Adebayo, Oliver, Joanna Aldoori, William Allum, Noel Aruparayil, Abdul Badran, Jasmine Winter Beatty, Sanchita Bhatia, et al. Future of Surgery: Technology Enhanced Surgical Training: Report of the FOS:TEST Commission. The Royal College of Surgeons of England, August 2022. http://dx.doi.org/10.1308/fos2.2022.

Full text
Abstract:
Over the past 50 years the capability of technology to improve surgical care has been realised and while surgical trainees and trainers strive to deliver care and train; the technological ‘solutions’ market continues to expand. However, there remains no coordinated process to assess these technologies. The FOS:TEST Report aimed to (1) define the current, unmet needs in surgical training, (2) assess the current evidence-base of technologies that may be beneficial to training and map these onto both the patient and trainee pathway and (3) make recommendations on the development, assessment, and adoption of novel surgical technologies. The FOS:TEST Commission was formed by the Association of Surgeons in Training (ASiT), The Royal College of Surgeons of England (RCS England) Robotics and Digital Surgery Group and representatives from all trainee specialty associations. Two national datasets provided by Health Education England were used to identify unmet surgical training needs through qualitative analysis against pre-defined coding frameworks. These unmet needs were prioritised at two virtual consensus hackathons and mapped to the patient and trainee pathway and the capabilities in practice (CiPs) framework. The commission received more than 120 evidence submissions from surgeons in training, consultant surgeons and training leaders.

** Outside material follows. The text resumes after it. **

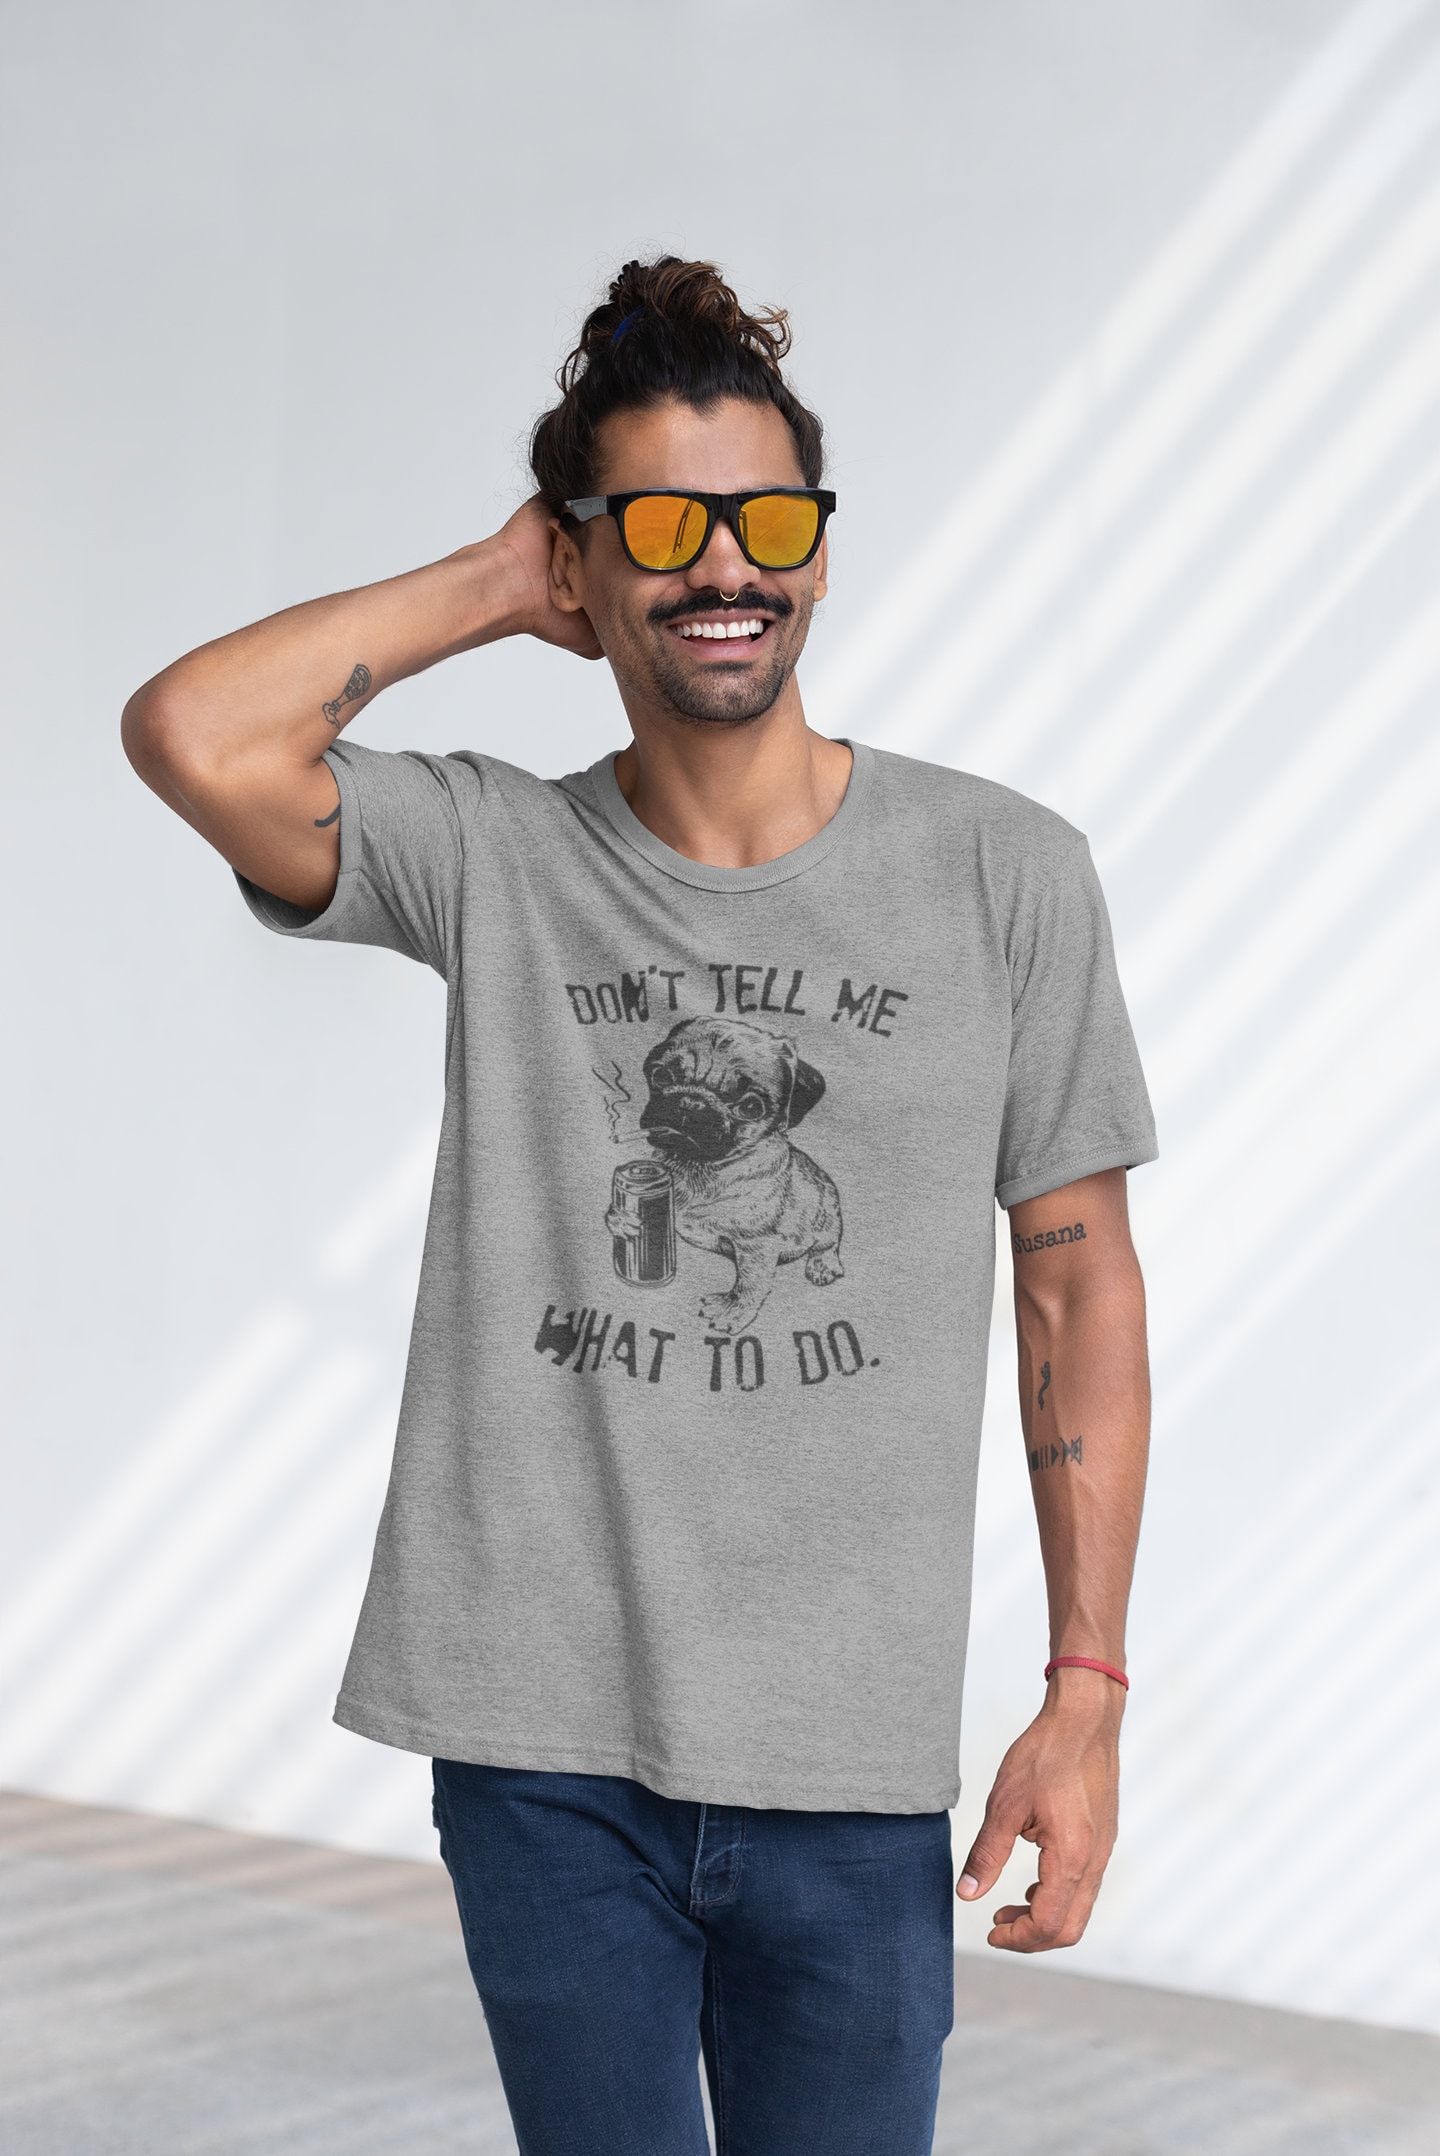 Don't Tell Me Graphic Tees Funny Shirts Mens Tshirt | Etsy

Following peer review, 32 were selected that covered a range of innovations. Contributors also highlighted several important key considerations, including the changing pedagogy of surgical training, the ethics and challenges of big data and machine learning, sustainability, and health economics. This summates to 7 Key Recommendations and 51 concluding statements. The FOS:TEST Commission was borne out of what is a pivotal point in the digital transformation of surgical training. Academic expertise and collaboration will be required to evaluate efficacy of any novel training solution. However, this must be coupled with pragmatic assessments of feasibility and cost to ensure that any intervention is scalable for national implementation. Currently, there is no replacement for hands-on operating. However, for future UK and ROI surgeons to stay relevant in a global market, our training methods must adapt. The Future of Surgery: Technology Enhanced Surgical Training Report provides a blueprint for how this can be achieved.